Dailymaverick logo

Business Maverick

Business Maverick, South Africa, DM168

These innovative fintech start-ups are going all in on Africa

These innovative fintech start-ups are going all in on Africa
Godfrey Sullivan, Visa’s head of product and solutions for Central Europe, the Middle East and Africa, delivers a speech on artificial intelligence at the Visa Accelerator Programme Demo Day on 2 December in Cape Town. Photos: Kim van Zyl Photography
At the recent Visa Accelerator Demo Day, one thing became abundantly clear: African problems require African fintech solutions.

Africa represents a large opportunity for the fintech industry. Some fintech start-ups have tried to tap into this market by addressing financial challenges specific to Africa, such as a lack of access to credit, uncertainty in trade and illiteracy.

Four fintech start-ups featured at the Visa Accelerator Programme Demo Day, held in Cape Town on 2 December, caught our eye:

Healthcare financing


CheckUps is a healthcare benefits trading platform that is tailored to address the problem of healthcare financing in Kenya by allowing healthcare benefits to be bought digitally.
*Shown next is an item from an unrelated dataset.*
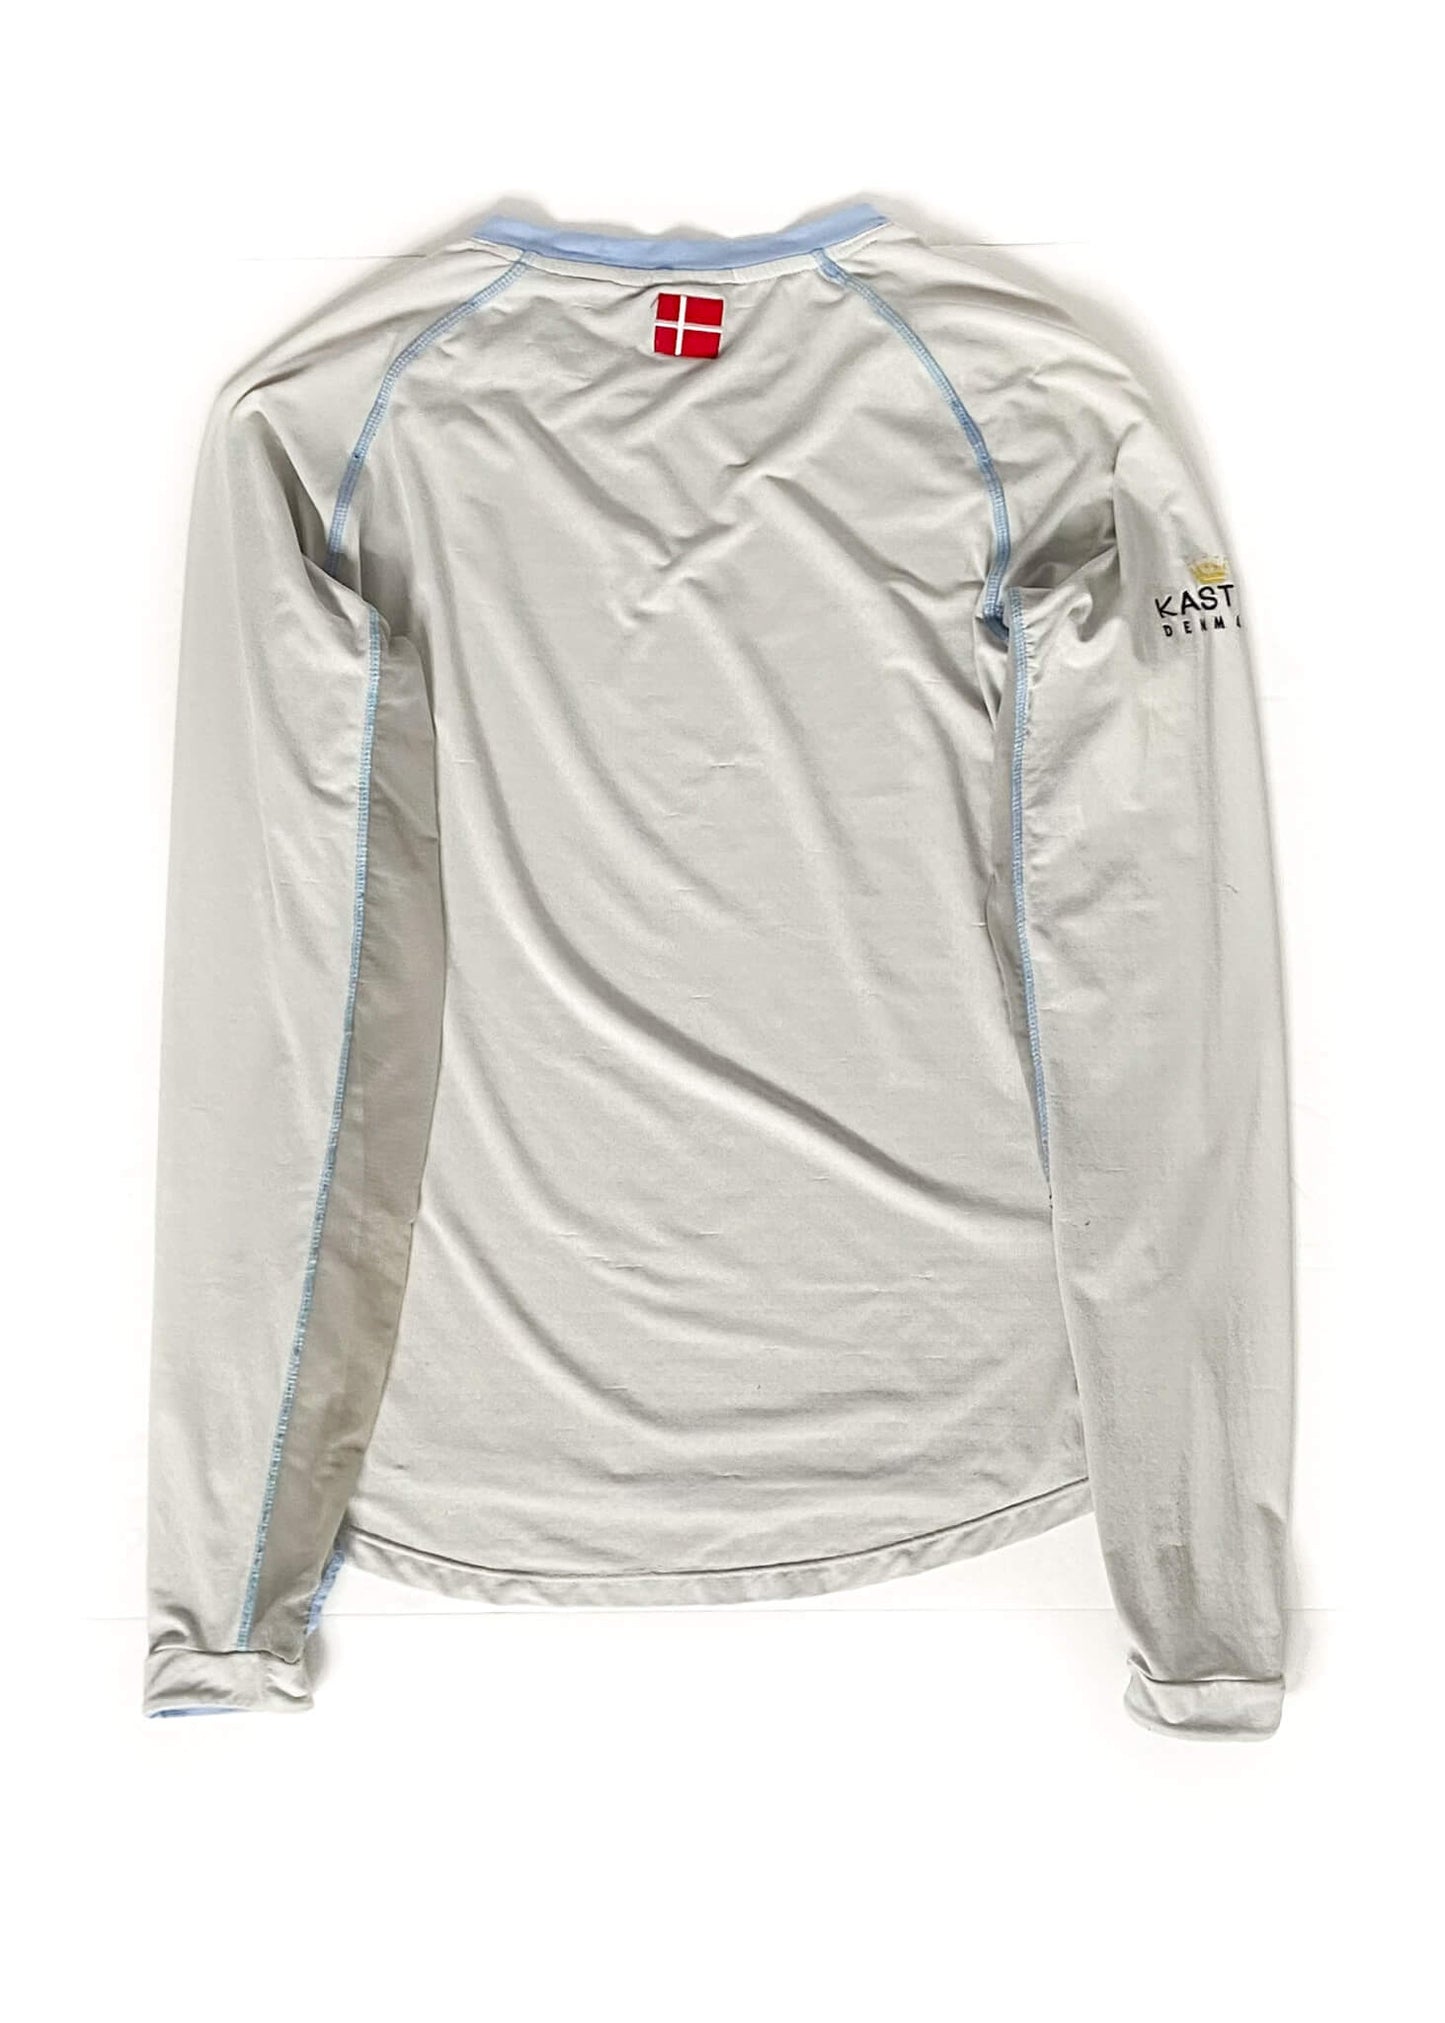 Kastel Denmark Crew Neck Sun Shirt - White - Women's Medium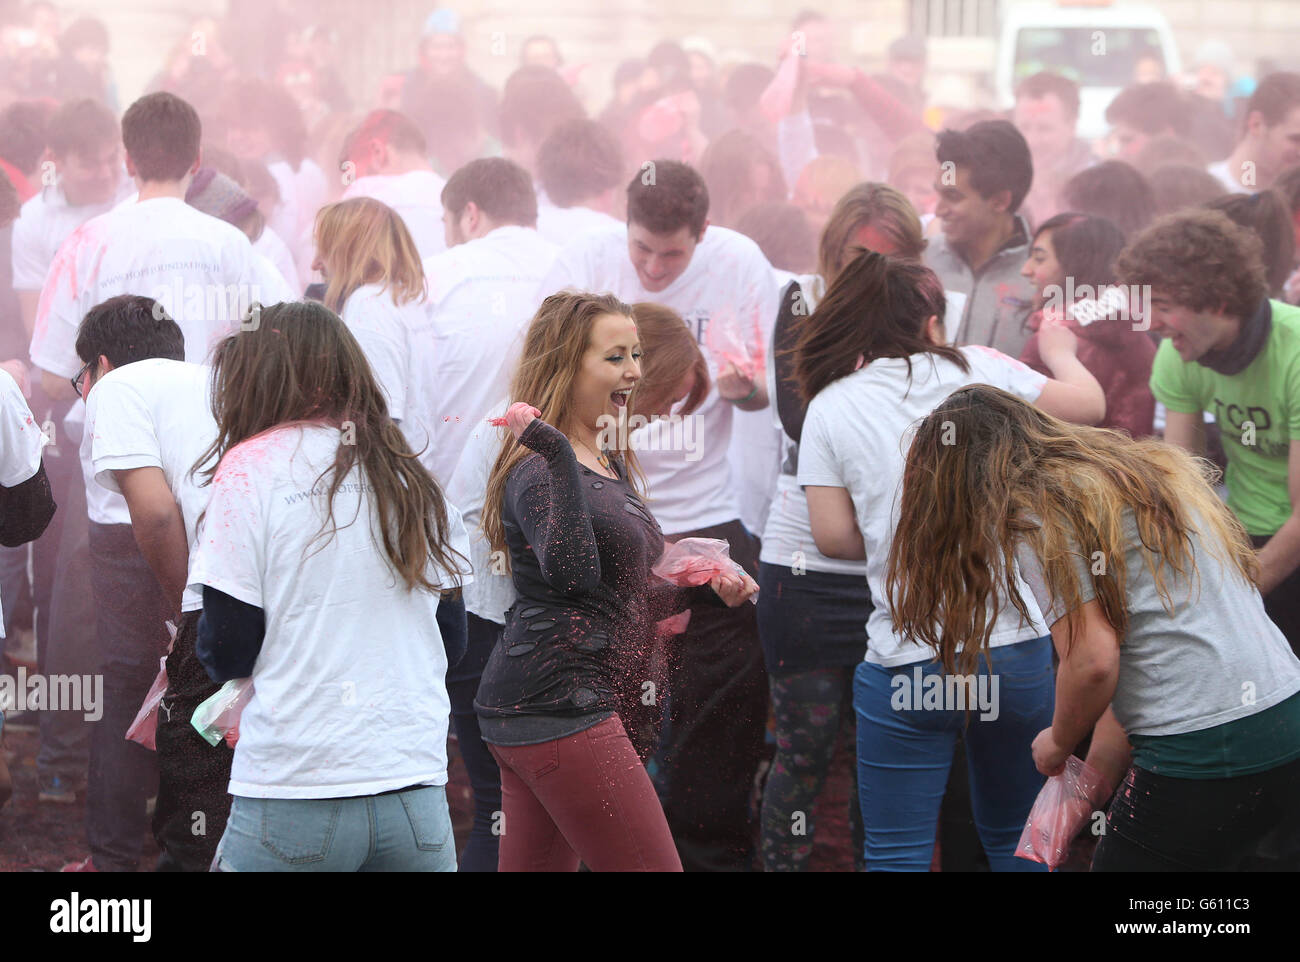 Hunderte von Trinity-Studenten feiern Holi, das Indian Festival of Colors, heute auf dem College Front Square in Dublin, Irland. DRÜCKEN Sie VERBANDSFOTO. Bilddatum: Mittwoch, 27. März 2013. DRÜCKEN Sie VERBANDSFOTO. Bilddatum: Mittwoch, 27. März 2013.Bildnachweis sollte lauten: Niall Carson/PA Wire Stockfoto

“Seventy-eight percent of Kenya’s banked account holders do not have healthcare insurance,” said Renée Ngamau, the president and cofounder of CheckUps.

“Last year alone, $500-million was borrowed from informal sectors by account holders to pay for healthcare. It makes no sense – banks are losing out on lucrative opportunities to lend,” she said.

The problem is not that Kenyans are too poor for healthcare, said Ngamau, but that they lack the proper financial service to access it. CheckUps allows customers to borrow money, pay that money to the company’s platform, and then allow selected beneficiaries to redeem healthcare benefits.

The existence of the sizeable Kenyan diaspora living around the world is baked into CheckUps’ design: the service allows foreign currency to be automatically exchanged, and for healthcare benefits to be shared and redeemed across borders.

Cross-border trade risk


Truzo is a South African fintech start-up that seeks to expedite cross-border trade in Africa, primarily by securing and verifying trade transactions.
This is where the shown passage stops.